Your task is to return the data below, word for word.
── Listed records
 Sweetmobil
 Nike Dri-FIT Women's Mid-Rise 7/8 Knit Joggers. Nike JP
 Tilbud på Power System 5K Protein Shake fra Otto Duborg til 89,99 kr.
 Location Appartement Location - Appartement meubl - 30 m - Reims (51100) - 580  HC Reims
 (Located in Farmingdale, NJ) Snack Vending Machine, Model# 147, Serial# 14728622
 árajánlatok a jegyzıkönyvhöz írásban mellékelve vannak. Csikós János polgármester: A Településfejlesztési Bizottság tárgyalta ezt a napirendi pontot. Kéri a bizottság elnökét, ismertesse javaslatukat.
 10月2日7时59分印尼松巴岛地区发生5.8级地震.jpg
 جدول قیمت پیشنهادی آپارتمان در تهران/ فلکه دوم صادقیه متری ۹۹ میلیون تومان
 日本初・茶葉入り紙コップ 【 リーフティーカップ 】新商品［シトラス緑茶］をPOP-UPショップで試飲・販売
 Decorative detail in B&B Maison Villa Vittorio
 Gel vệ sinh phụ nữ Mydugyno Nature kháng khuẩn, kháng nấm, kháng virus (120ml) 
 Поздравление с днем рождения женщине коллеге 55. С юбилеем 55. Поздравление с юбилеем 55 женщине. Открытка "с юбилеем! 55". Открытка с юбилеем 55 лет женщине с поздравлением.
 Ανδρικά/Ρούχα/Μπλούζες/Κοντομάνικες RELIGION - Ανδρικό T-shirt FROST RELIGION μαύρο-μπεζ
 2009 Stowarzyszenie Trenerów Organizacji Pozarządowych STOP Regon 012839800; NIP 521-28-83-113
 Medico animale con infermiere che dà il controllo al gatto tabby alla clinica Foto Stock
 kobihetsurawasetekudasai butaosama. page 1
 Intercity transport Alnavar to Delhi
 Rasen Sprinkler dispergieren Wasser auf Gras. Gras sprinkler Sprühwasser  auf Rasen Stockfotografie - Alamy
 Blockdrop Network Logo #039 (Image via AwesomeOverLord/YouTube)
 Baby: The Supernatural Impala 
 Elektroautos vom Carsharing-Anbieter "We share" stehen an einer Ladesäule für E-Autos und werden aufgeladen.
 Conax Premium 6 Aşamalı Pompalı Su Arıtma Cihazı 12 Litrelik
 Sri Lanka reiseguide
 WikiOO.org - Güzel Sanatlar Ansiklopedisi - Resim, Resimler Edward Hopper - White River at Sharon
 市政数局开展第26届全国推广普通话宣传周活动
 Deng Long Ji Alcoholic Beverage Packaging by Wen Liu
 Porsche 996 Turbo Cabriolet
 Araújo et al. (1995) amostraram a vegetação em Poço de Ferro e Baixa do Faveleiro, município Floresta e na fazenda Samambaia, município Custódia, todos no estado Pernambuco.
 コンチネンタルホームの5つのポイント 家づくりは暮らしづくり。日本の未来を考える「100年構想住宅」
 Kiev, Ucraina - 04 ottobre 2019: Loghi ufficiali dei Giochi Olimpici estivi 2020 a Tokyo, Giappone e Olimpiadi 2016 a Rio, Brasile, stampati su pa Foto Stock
────
__Reply__:
 Sweetmobil
 Nike Dri-FIT Women's Mid-Rise 7/8 Knit Joggers. Nike JP
 Tilbud på Power System 5K Protein Shake fra Otto Duborg til 89,99 kr.
 Location Appartement Location - Appartement meubl - 30 m - Reims (51100) - 580  HC Reims
 (Located in Farmingdale, NJ) Snack Vending Machine, Model# 147, Serial# 14728622
 árajánlatok a jegyzıkönyvhöz írásban mellékelve vannak. Csikós János polgármester: A Településfejlesztési Bizottság tárgyalta ezt a napirendi pontot. Kéri a bizottság elnökét, ismertesse javaslatukat.
 10月2日7时59分印尼松巴岛地区发生5.8级地震.jpg
 جدول قیمت پیشنهادی آپارتمان در تهران/ فلکه دوم صادقیه متری ۹۹ میلیون تومان
 日本初・茶葉入り紙コップ 【 リーフティーカップ 】新商品［シトラス緑茶］をPOP-UPショップで試飲・販売
 Decorative detail in B&B Maison Villa Vittorio
 Gel vệ sinh phụ nữ Mydugyno Nature kháng khuẩn, kháng nấm, kháng virus (120ml) 
 Поздравление с днем рождения женщине коллеге 55. С юбилеем 55. Поздравление с юбилеем 55 женщине. Открытка "с юбилеем! 55". Открытка с юбилеем 55 лет женщине с поздравлением.
 Ανδρικά/Ρούχα/Μπλούζες/Κοντομάνικες RELIGION - Ανδρικό T-shirt FROST RELIGION μαύρο-μπεζ
 2009 Stowarzyszenie Trenerów Organizacji Pozarządowych STOP Regon 012839800; NIP 521-28-83-113
 Medico animale con infermiere che dà il controllo al gatto tabby alla clinica Foto Stock
 kobihetsurawasetekudasai butaosama. page 1
 Intercity transport Alnavar to Delhi
 Rasen Sprinkler dispergieren Wasser auf Gras. Gras sprinkler Sprühwasser  auf Rasen Stockfotografie - Alamy
 Blockdrop Network Logo #039 (Image via AwesomeOverLord/YouTube)
 Baby: The Supernatural Impala 
 Elektroautos vom Carsharing-Anbieter "We share" stehen an einer Ladesäule für E-Autos und werden aufgeladen.
 Conax Premium 6 Aşamalı Pompalı Su Arıtma Cihazı 12 Litrelik
 Sri Lanka reiseguide
 WikiOO.org - Güzel Sanatlar Ansiklopedisi - Resim, Resimler Edward Hopper - White River at Sharon
 市政数局开展第26届全国推广普通话宣传周活动
 Deng Long Ji Alcoholic Beverage Packaging by Wen Liu
 Porsche 996 Turbo Cabriolet
 Araújo et al. (1995) amostraram a vegetação em Poço de Ferro e Baixa do Faveleiro, município Floresta e na fazenda Samambaia, município Custódia, todos no estado Pernambuco.
 コンチネンタルホームの5つのポイント 家づくりは暮らしづくり。日本の未来を考える「100年構想住宅」
 Kiev, Ucraina - 04 ottobre 2019: Loghi ufficiali dei Giochi Olimpici estivi 2020 a Tokyo, Giappone e Olimpiadi 2016 a Rio, Brasile, stampati su pa Foto Stock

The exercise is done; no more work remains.